Free market roads will encourage small business
Mutualist Kevin Carson argues that transportation is a natural diseconomy of scale. The cost of transportation increases disproportionately with the size of a firm; in a free market, there would be strict upper limits to the size and power of corporations, and small businesses would have natural advantages. Government subsidies to transportation, however, make large, centralized corporations artificially profitable, contributing to corporate dominance of the economy. Carson points out that in many cases, centralized industry did not develop until after the advent of taxpayer-funded roads and other transportation projects.
If roads were built on a free-market, with a diversity of competing builders and owners who had self-interest at their heart, we would have much safer roads, and with far fewer potholes.

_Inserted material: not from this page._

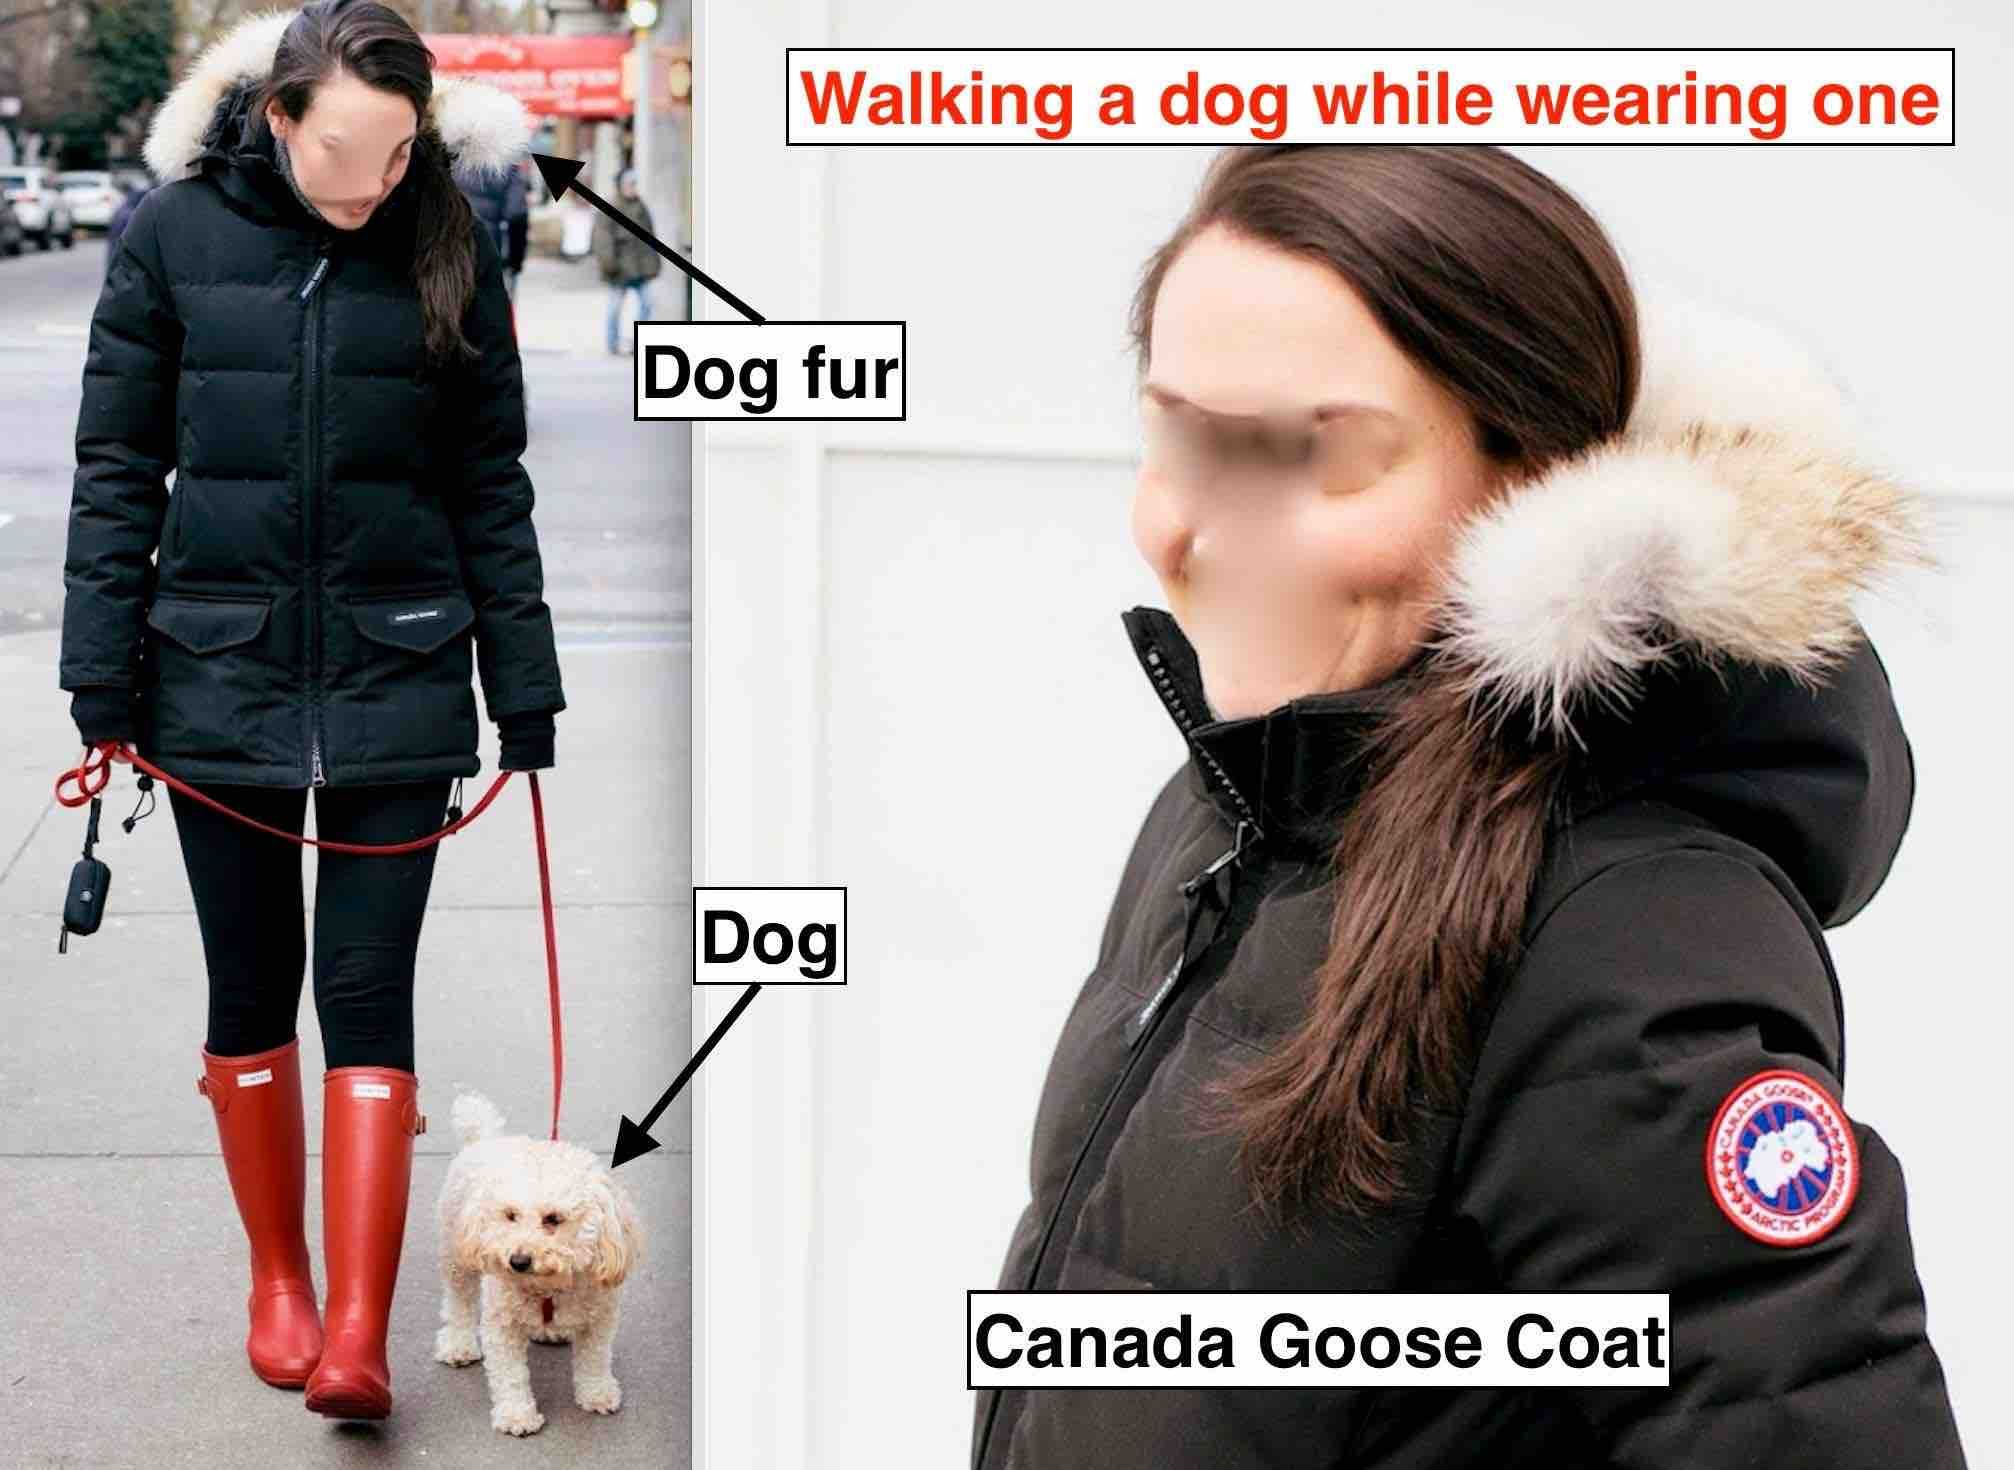 canada goose jacket dog fur

Why? Simple: You have two roads you can take. The first is a road built and owned by company A, who has a time-tested reputation for good quality roads, and safe rules and regulations for their use. Not rules based on politics, but based on science and accident prevention. Their speed limits, use of signs, and other safety rules and devices are determined largely by an analysis of accidents, use of statistics, and a little motivation from insurance companies, who are more than willing to lower their premiums for a more safety-minded road owner. Road B is built by a firm with a horrid reputation, run by incompetent and corrupt businessmen who resemble politicians more than anyone else. It is statistically more dangerous in use, its poor maintenance and potholes cause more damage to your car, and the rules that govern its use (set by the property owner) are frankly insane. Which road will you choose? Which company will prosper, and which will soon go out of business? On a free market, the answer is obvious. Under a government system, Road B and its company continue to prosper, for the simple reason that they don’t ask you which road you want to patronize. They just point a gun at your face and take your money. On a competitive free market, road owners and managers would constantly look for ways to improve the safety and efficiency of their roads, and successful experiments would be emulated by their competitors, rapidly spreading the implementation of innovative ideas. One way funds could be raised is subscriptions.
Road owners could charge a one-time fee for use of their road (such as by using tolls, or cameras photographing license plates and sending bills to their owners), or they could use the far more efficient subscription method. Using it, a driver can pay a yearly, monthly, or other fee and have access granted to the road for a period of time. To make things even easier, there are likely to be road networks, in which road owners enter their roads into a single network, and they are then paid a share of the subscription fees based on use of their roads. Subscribers could attach small electronic devices to their cars, which would be scanned at regular intervals to allow passage. Although advancements in technology are opening up new ways with which to make roads that much more efficient, a tried and tested low-tech method used for hundreds of years has been turnpike roads and trusts. I’m curious whether “Which road network are you subscribed to?” will become a standard question on insurance forms for car drivers – so you will have an additional monetary self-interest in choosing safer roads.
Now for a mental experiment, try to extrapolate the kind of reasoning above to all the other goods and services you may think cannot be provided without a government.